Mr Neil, who replaced Nicola Sturgeon as Health Minister earlier this month, was also expected to use today’s visit to Sciennes to confirm his commitment to an investment programme worth more than £1bn in NHS Scotland capital projects over the next two years.
He added: “I’ve been clear in the past that investing in our infrastructure is vital to growing our economy and the NHS presents huge opportunities to do this.
“High-quality health services as close to home as possible is what the people of Scotland want, and that is something this government is determined to give them.”
FIT FOR PURPOSE
NHS Lothian has pledged that the new facility, incorporating the new Sick Kids hospital, Department of Clinical Neurosciences and facilities for the Child and Adolescent Mental Health Service, will be “truly fit for the 21st century.”
Paediatric care, specialist neonatal care and neurosciences – as well as adult and children’s emergency departments – will be brought together on one site for the first time in Lothian.
It is hoped that the move will ensure specialist teams benefit from working closely together, sharing experience and expertise with potentially lifesaving benefits for patients.
Paediatric and adult neurosurgery will be offered in the same theatre suite, which will maximise the use of specialist equipment and staff in the hospital, with patients then being transferred to age-appropriate wards situated nearby.
Mental health services for children and young people will also be on the same site as acute services, which will reduce disruption if patients require psychiatric as well as physical help.
It is hoped that notoriously expensive and specialist services – such as operating theatres and radiology treatment – will be able to be provided in a more cost-effective way as they will be concentrated closer together making use of staff and equipment more efficient.
Emergency access to services will be improved at the Royal Infirmary site after plans for a new helipad on the roof – with a lift directly to emergency wards below – were revealed.
The new hospital’s close proximity to the Edinburgh University campus and BioQuarter is expected to offer a boost to medical research.
As the plan to build the new hospital in Little France stalled, options including staying at Sciennes or relocating to another location were looked at, but health chiefs reaffirmed that moving to next door to the Royal Infirmary was the only appropriate solution.
FOR BETTER AND WORSE
1850s: One in every 13 children in the Capital dies before the age of five.
1859: Campaign for a new hospital for sick children in Edinburgh is launched after Dr John Smith, a Royal Infirmary surgeon, has a letter printed in The Scotsman.
1860: The first Sick Kids hospital, with 12 inpatient beds, opens.
1863: Services move to a new custom-built hospital in Meadowside House.

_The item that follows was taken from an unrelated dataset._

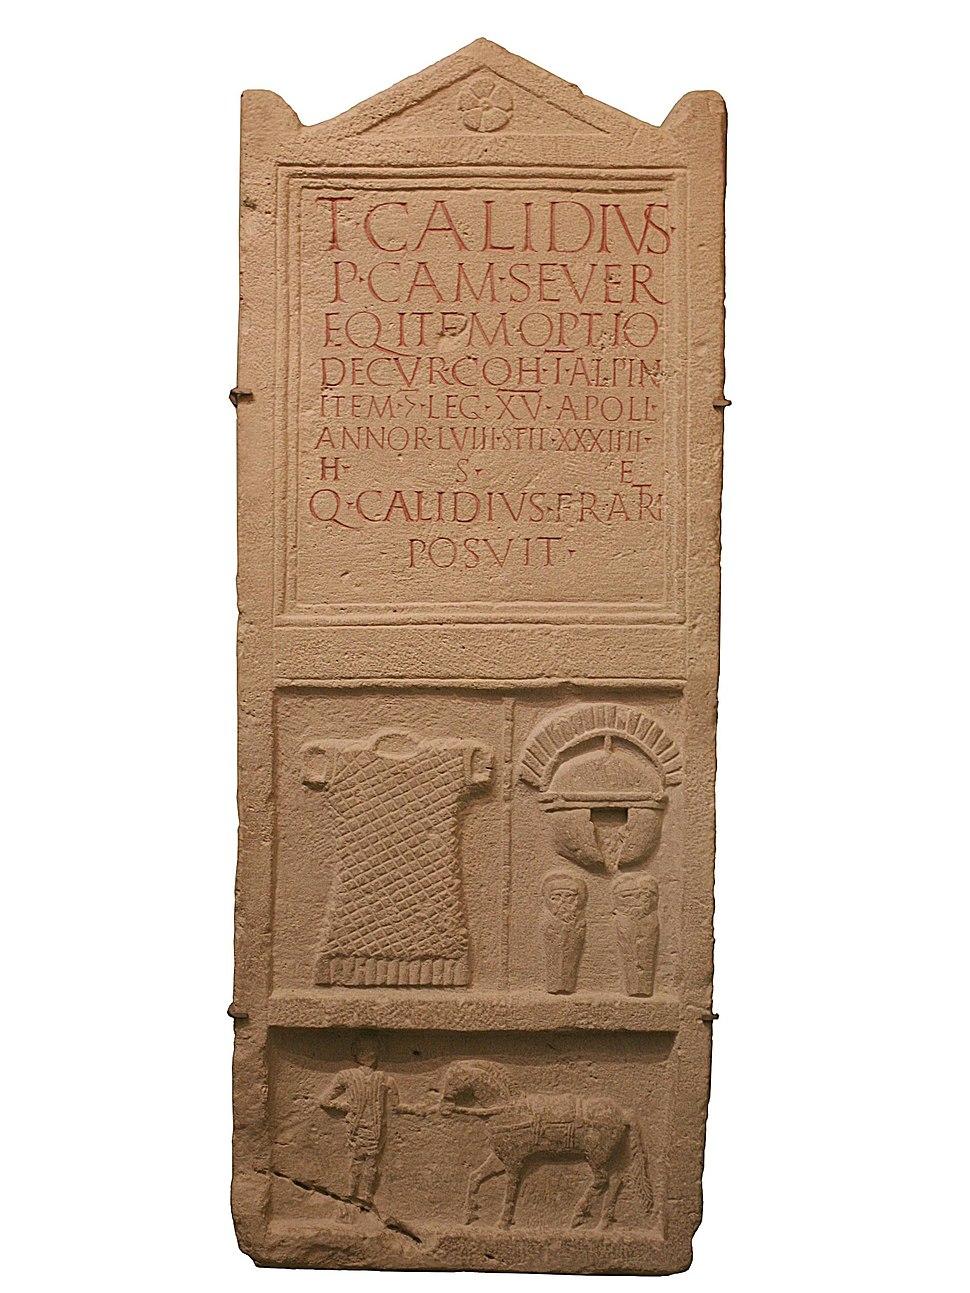 Grabstein Titus Calidius Carnuntum

Queen Victoria bestows her patronage.
1890: After a major typhoid outbreak, it moves again to Plewlands House – the former Morningside college - but it proves inadequate.
1895: The hospital relocates to its current site in Sciennes where it expands over the decades.
1995: A new three-floor extension opens.
2003: The now aging hospital is deemed “not fit for purpose”.
2005: Decision to pursue the construction of a new children’s hospital is taken by the health board.
2012: Scottish Government confirms a new hospital will finally be built.
PRIVATE PROFITS CAPPED
THE Scottish Government said today that the non-profit distribution model which will be used to build the new Sick Kids will ensure profits made by private companies are capped.
Under the model, a private company which is successful in its bid will finance, construct and maintain the hospital. NHS Lothian will then pay an annual charge to the company over 25-30 years.
It is designed to transfer risk away from the public sector, while utilising private expertise and discipline.
Any surpluses from the project can be directed back into the public purse, rather than lining the pockets of private investors.
Although the government has directly funded a new hospital in Glasgow, it claimed using private cash was the only way it could ensure the Capital’s Sick Kids goes ahead.